Highland v. Township of Garfield

168 Mich. 538 | Mich. | 1912

McAlvay, J.

Plaintiff recovered a judgment in this case against defendant township in an action for damages on account of the loss of a horse, caused, as is claimed, by the negligence of the township in not maintaining a certain highway within its limits in reasonable repair, and in a condition reasonably safe and fit for travel. Defendant offered no witnesses, and at the close of the proofs in the case moved for an instructed verdict on the ground of contributory negligence of plaintiff. This motion was denied. Error is assigned upon such refusal, and this is the only question discussed on the part of defendant and appellant.

*539The material facts are that plaintiff has resided in the township for 16 years. This highway, known ás the “ Newberry road,” is the main traveled road between Engadine and Newberry, and necessary to be used by plaintiff in going from Donald, the name of the post office near which he lives, to Newberry. This road runs north and south, and plaintiff travels upon it from his home north to reach Newberry. There are hills on this road known as “Eckley Hills,” over which it passes. On the east side of the track on the first hill going north is a ditch downhill, the upper portion of which is filled with stone, and the lower part open, which, crowding to the west, encroaches upon the track. It is from a foot to 18 inches wide, and from 8 to 18 inches deep. There were no drains constructed to carry off the rainfall upon the hill, and this one was cut by the water running downhill. The soil is red clay, and recent rains had made the hill slippery. The ditch at the place where the accident occurred runs about in the center of the track, leaving a space on the west side of it of eight or nine feet between it and the embankment on the west side of the road, and side of the hill. It is necessary to go upon this eight or nine feet and pass along in order to avoid getting into the ditch.

On the morning of October 26,1910, the plaintiff started from home early, driving his team with an empty wagon, bound for Newberry for the purpose of obtaining a load of grain. He came down this hill with care, avoiding this ditch, and, after he had arrived at the foot of the hill, left his team, and went back,, as he testified—

“ And examined it to see how I was going to get back by it at night, and whether I had better turn back home, and I made up my mind by going to the west as close as I could to the embankment, if the wagon stayed there, that I could go by, keeping as tight to the west side of the road as I could.”

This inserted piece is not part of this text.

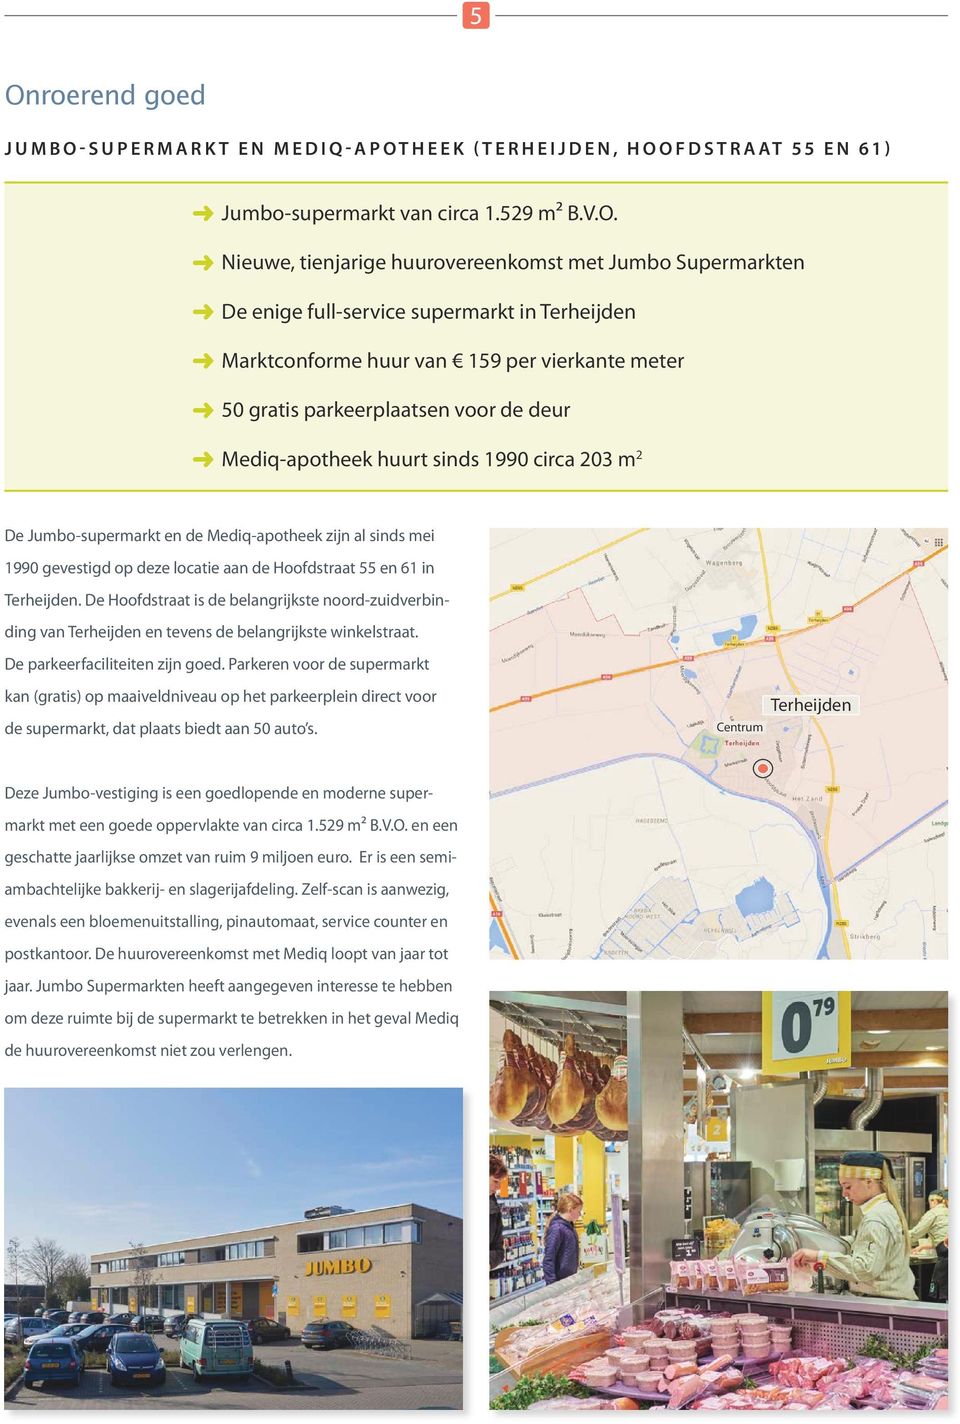 Mediq-apotheek zijn al sinds mei 1990 gevestigd op deze locatie aan de Hoofdstraat 55 en 61 in Terheijden.

He proceeded to Newberry, got his load, and started on his return home at 3 o’clock in the afternoon. He arrived at this hill about 9 o’clock. It was very dark, and, when *540he came to this place, he got off the wagon, and felt with his feet on the west side to know how close he was to the west side of the cut in order to keep clear of the ditch. He says:

“ This turn was the only turn to use. It was the beaten track that had been made by teams passing this ditch.”

He then mounted his wagon, and drove about two wagon lengths. The ground was sloping and the wagon slipped sideways into the ditch, throwing the horse and injuring it so severely that it became worthless. Plaintiff had gone over this hill several times that season, and knew its condition. He and other witnesses say that it was unsafe and dangerous. He had no lantern with him that night. The record shows that the road had been in this condition from one to three years, of which the authorities had actual notice. The dangerous conditions were during the break-up in the spring and after considerable rains. It was used by the public at all seasons, and for the most of the time was in a reasonably passable condition.

Appellant contends that the case is controlled by Black v. City of Manistee, 107 Mich. 60 (64 N. W. 868); Church v. Village of Howard City, 111 Mich. 298 (69 N. W. 651, 66 Am. St. Rep. 396), and like decisions. We think that the instant case is distinguishable from that line of cases. In the first case cited plaintiff was perfectly familiar with conditions. She saw the icy sidewalk, and knew that it was dangerous, yet she proceeded without using any care whatever, refusing and neglecting to take hold of the handrail, and the court says:

“It was not a case where to proceed was the only alternative.”

In other words, she made no attempt to avoid injury. In the second case cited, supra, the court said:

“ The case is ruled by Black v. City of Manistee, 107 Mich. 60 [64 N. W. 868]. In that case plaintiff neglected to guide herself by the handrail when passing over an icy sidewalk.”

*541The learned trial judge held that it could not be said as a matter of law that plaintiff was guilty of contributory negligence, and submitted the case to the jury under a charge upon which no specific error has been assigned by appellant. By this charge the question of contributory negligence of plaintiff was submitted to the jury as a question of fact. Upon this record our opinion is that the court was not in error in refusing to instruct a verdict for appellant. The case is within the line of cases where this court has held against the contention of appellant. Harris v. Township of Clinton, 64 Mich. 447 (81 N. W. 425, 8 Am. St. Rep. 842); Schwingschlegl v. City of Monroe, 113 Mich. 683 (72 N. W. 7); Handy v. Township of Meridian, 114 Mich. 454 (72 N. W. 251); Gage v. Township of Pittsfield, 120 Mich. 436 (79 N. W. 687).

The judgment of the circuit court is affirmed.

Steere, Blair, Stone, and Ostrander, JJ., concurred.